My Undersized Ducted Mini-Split Heat Pump
Last year my wife and I bought a 1961 ranch-style house, and I've been having a lot of fun fixing it up. I wrote about the problem with the spray foam in the attic not covering the top plates and how I fixed it when we had the soffits, fascias, and gutters replaced. I've also had a lot more spray foam installed in the attic because the original attic encapsulation was pretty bad. And I replaced the old natural draft gas water heater with a beautiful new Rheem heat pump water heater. (I'll write about both of those topics sometime this summer.)
The other big thing we've done so far is to install a Mitsubishi* heat pump system to serve the first floor. It's got one outdoor unit and two air handlers in the conditioned attic. Canton Heating & Air* installed the system and did an exceptional job. They specialize in Mitsubishi equipment, and their dedication to high quality workmanship shows. If you're looking for mini-splits in the Atlanta area, you can't go wrong with them. (Yes, they gave us a discount, but I'd say the same things even if they hadn't.)

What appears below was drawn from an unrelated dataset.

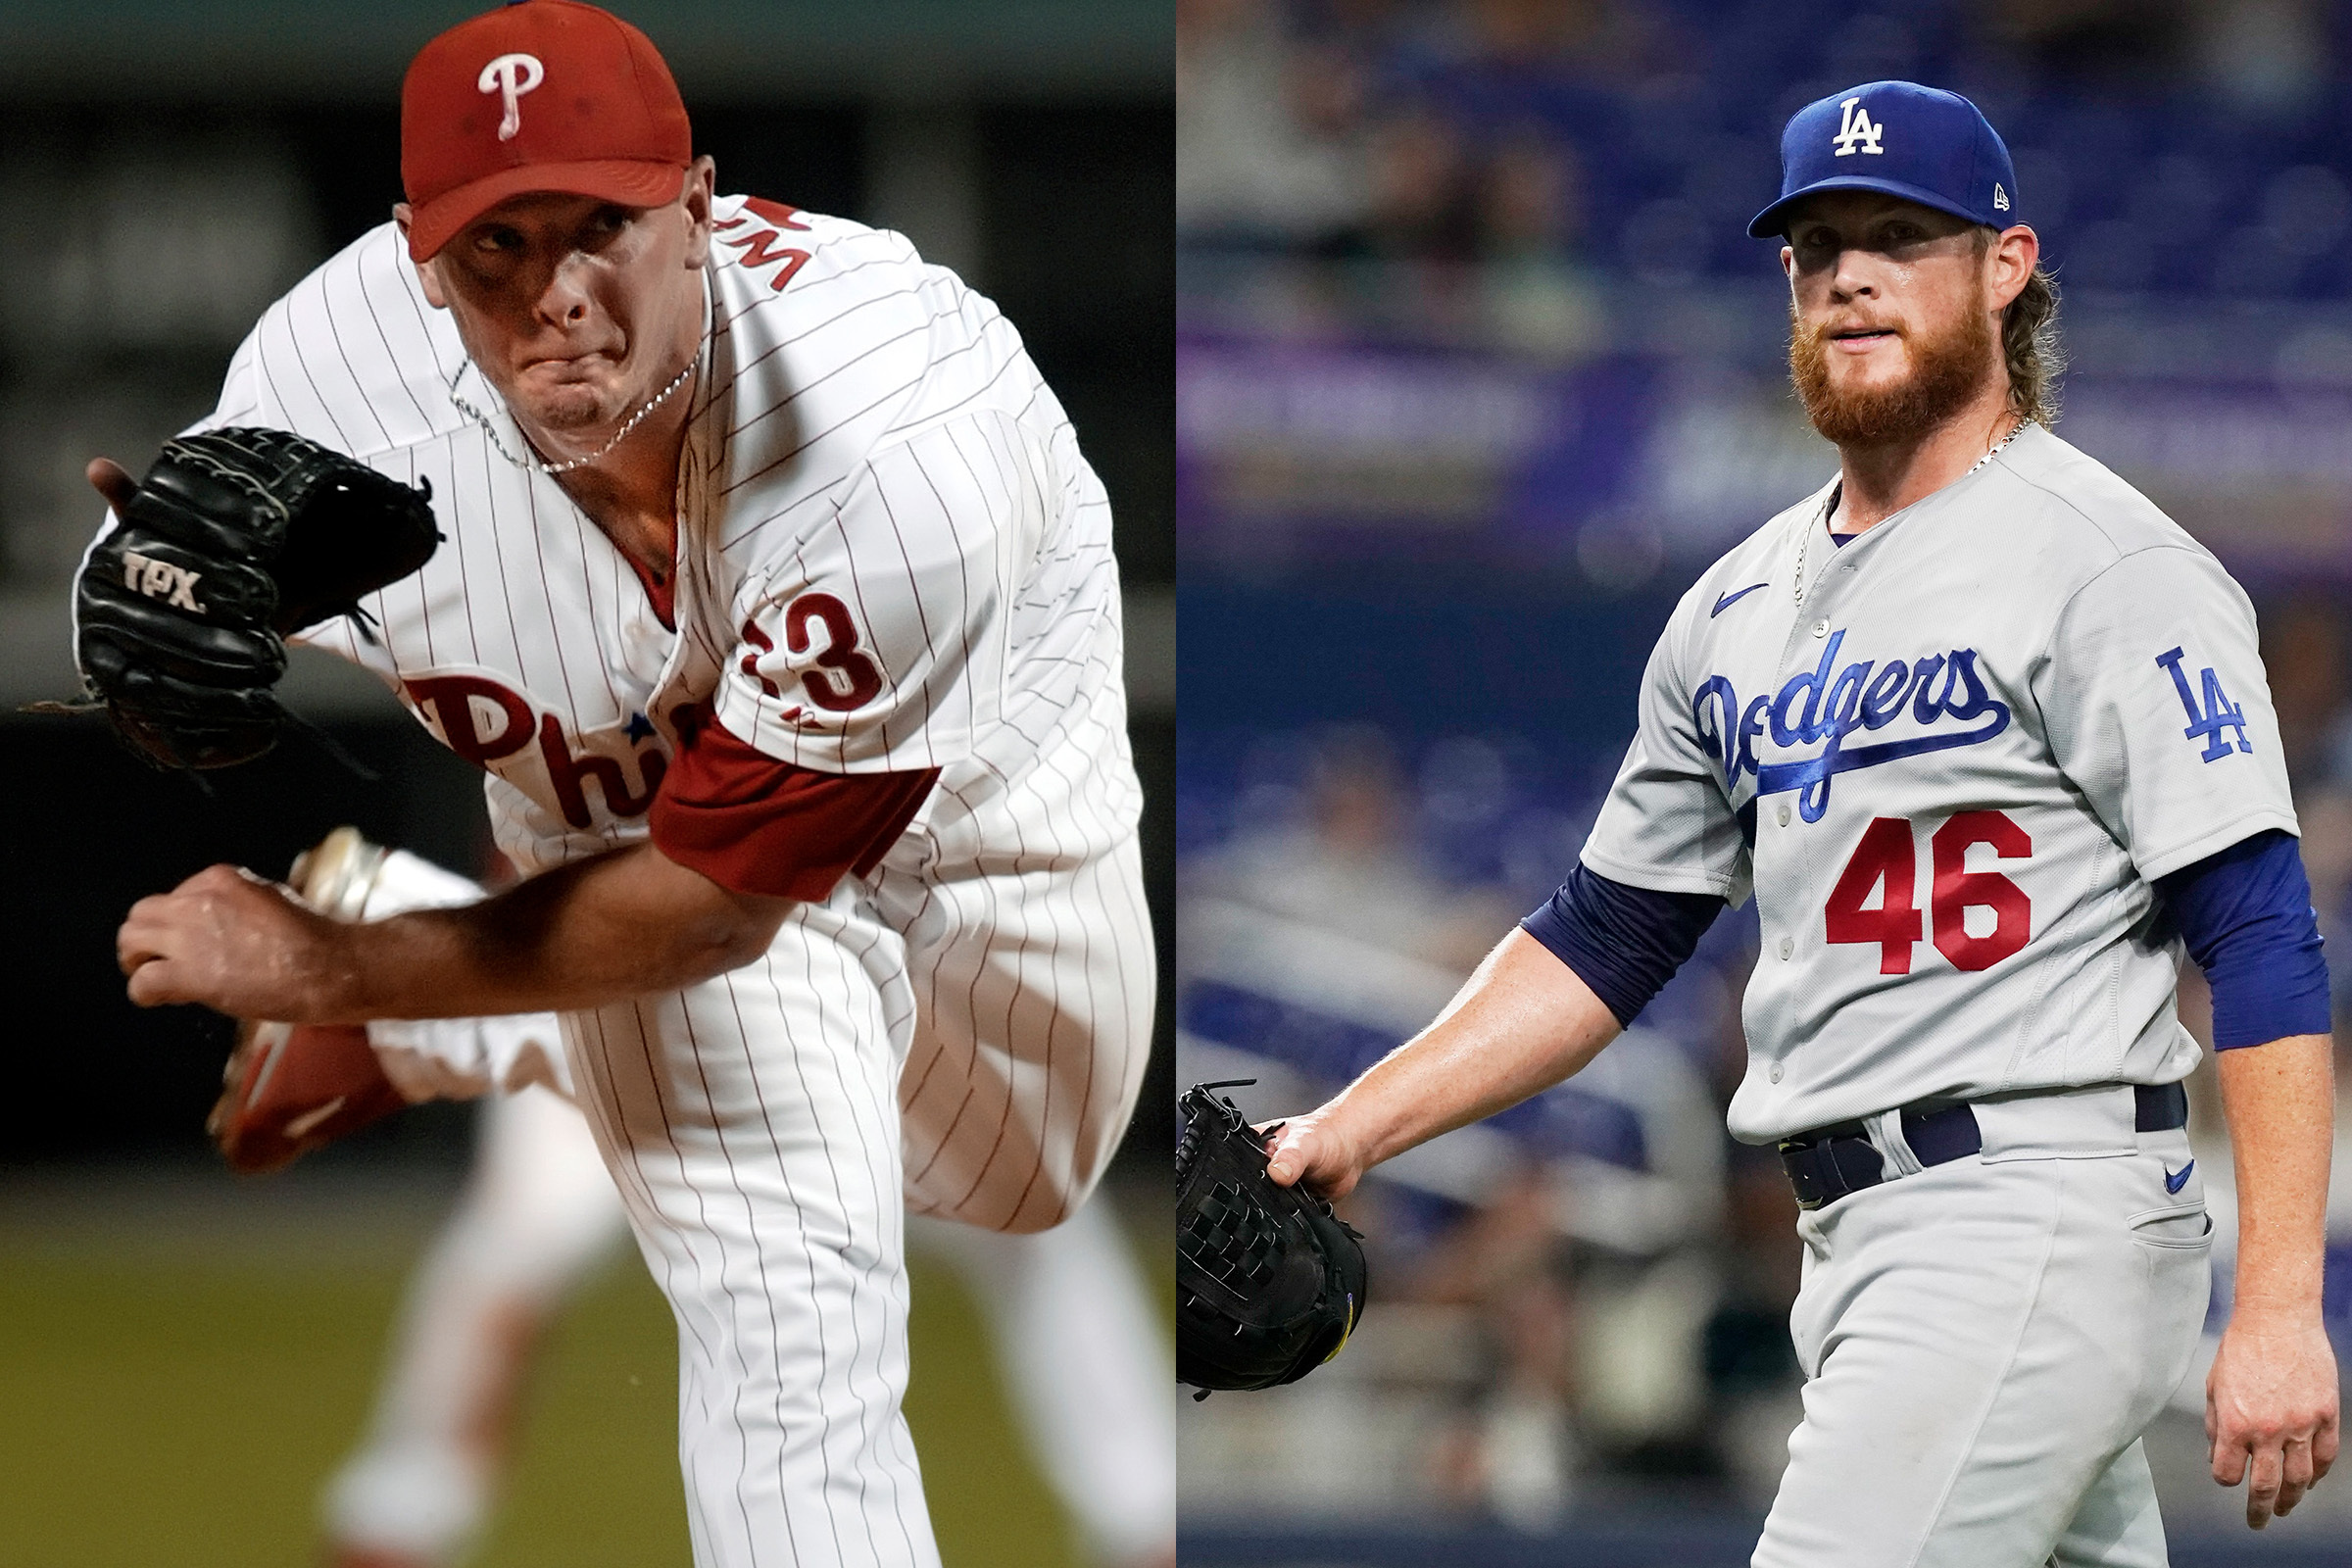 Will Craig Kimbrel reemerge as a closer for the Phillies? His
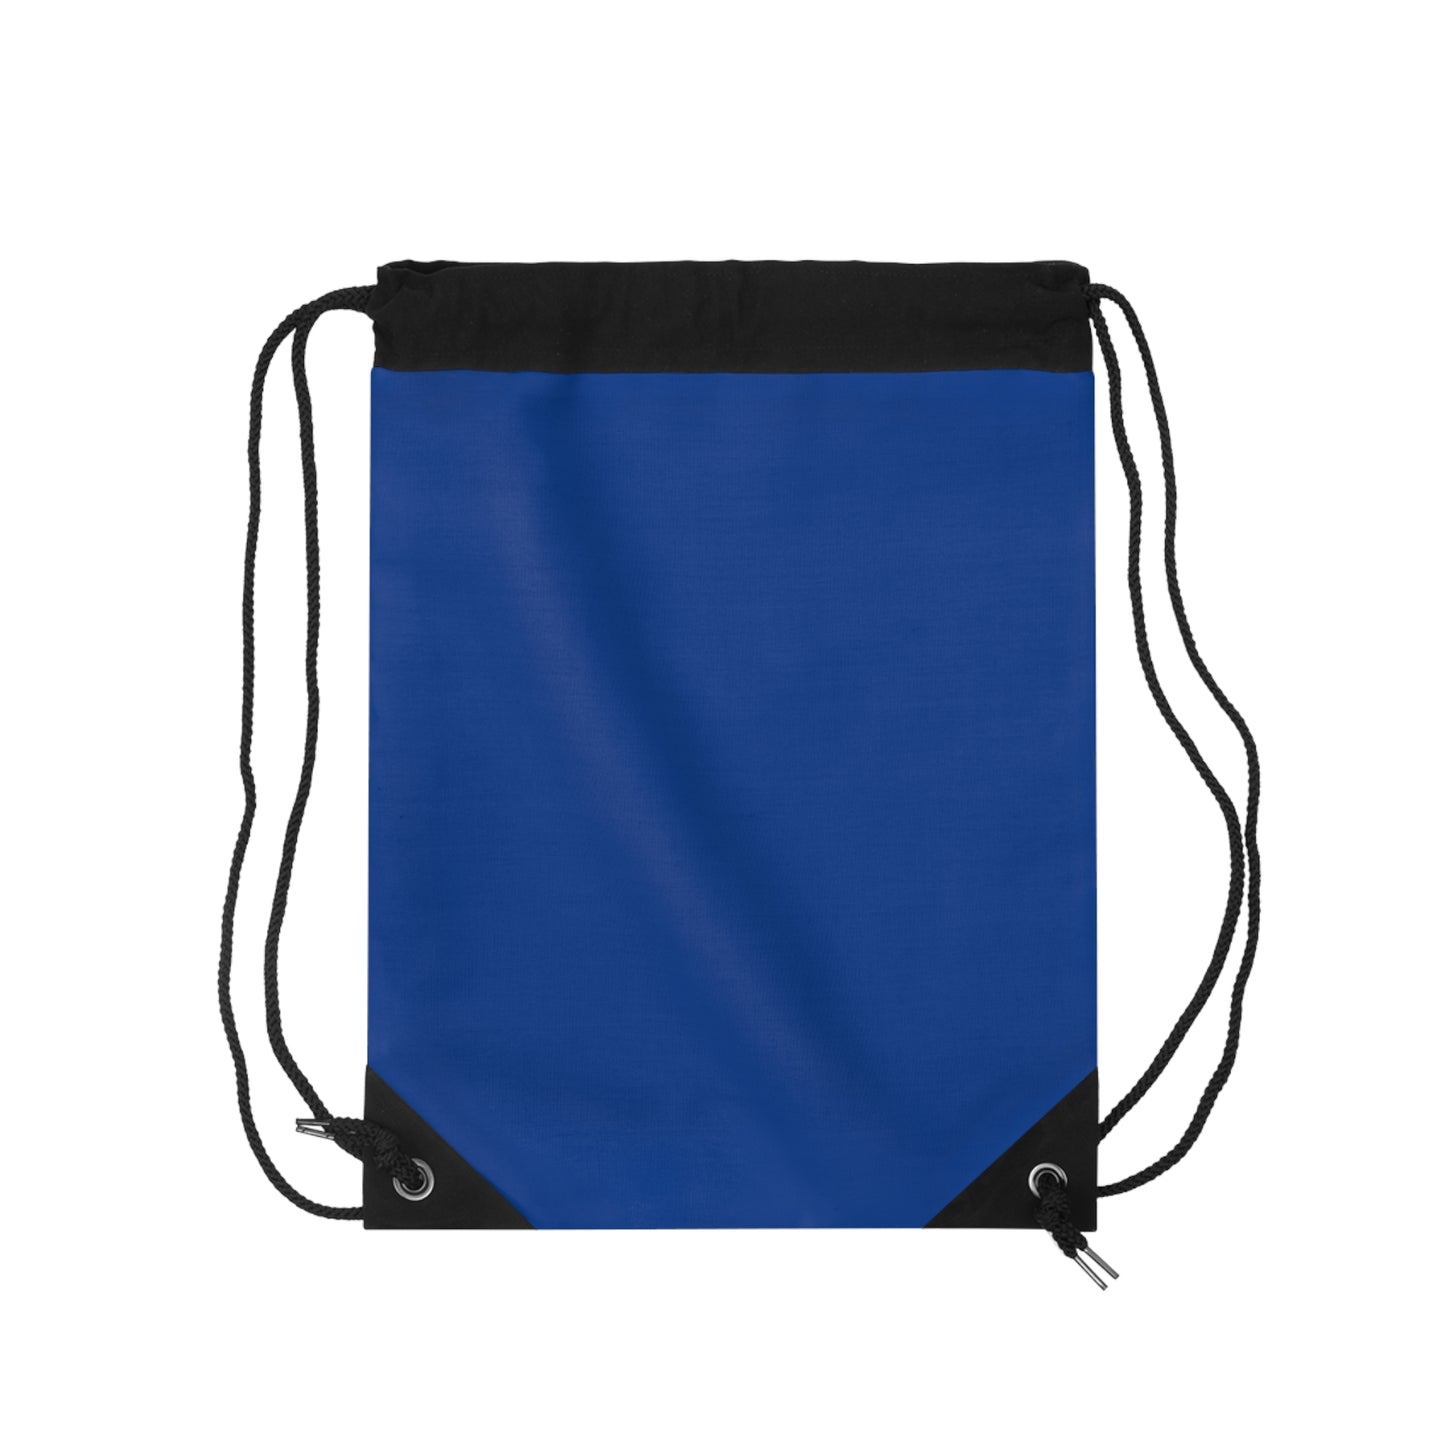 Humbled By God To Be Elevated Above All Drawstring Bag

You're probably wondering how I zoned the house, what our heating and cooling loads were, and why I undersized the system, so let's jump into the details.
Zones and loads
I did the load calculation and most of the design work for the system we installed. (Canton Heating & Air helped flesh out the details of the pair-of-pants fittings, which I'll discuss in the next article.) The floor plan is shown below, and the first thing I did was divide the house up into zones. The bedrooms on the left compose one zone (green). The common areas on the right are another zone (pink). And the sunroom needs to be its own zone (blue) because of all the glazing. About 60% of the exterior wall area in that room is covered with windows (double-pane, from the 1980s or '90s).
We use RightSuite Universal for HVAC design at Energy Vanguard, and that's where the results you see here came from. Here are the specifications I used in the Manual J load calculation:
Let me explain a little about the inputs. Except for the sunroom and laundry room, everything else sits over a conditioned basement or conditioned crawl space. Except they're not directly conditioned at the moment. After we put the new system in the encapsulated attic, we had the old furnace and air conditioner removed. The 110,000 BTU/hr furnace and the 4 ton air conditioner served the entire house as one zone. It wasn't great, but the upstairs was mostly OK. The basement was always too cold, though, as you would expect with this setup. Now the basement is indirectly conditioned while it awaits being gutted and remodeled, which adds to the heating load of the main floor but probably helps the cooling load.
I modeled the ceiling as R-30, but it's really more like R-40 now. Woodman Insulation gave me more than I asked for when they added to the existing spray foam insulation up there. And I cheated a bit on the infiltration rate. My last blower door test, which I did after the new spray foam and my extra sealing work at the top plates, came in at 5,200 cfm50 (~9 ACH50) for the whole house. So, the attic insulation is actually better than modeled and the air leakage is worse than modeled. I don't recall why I did it that way, but those two deviations probably come close to canceling each other out.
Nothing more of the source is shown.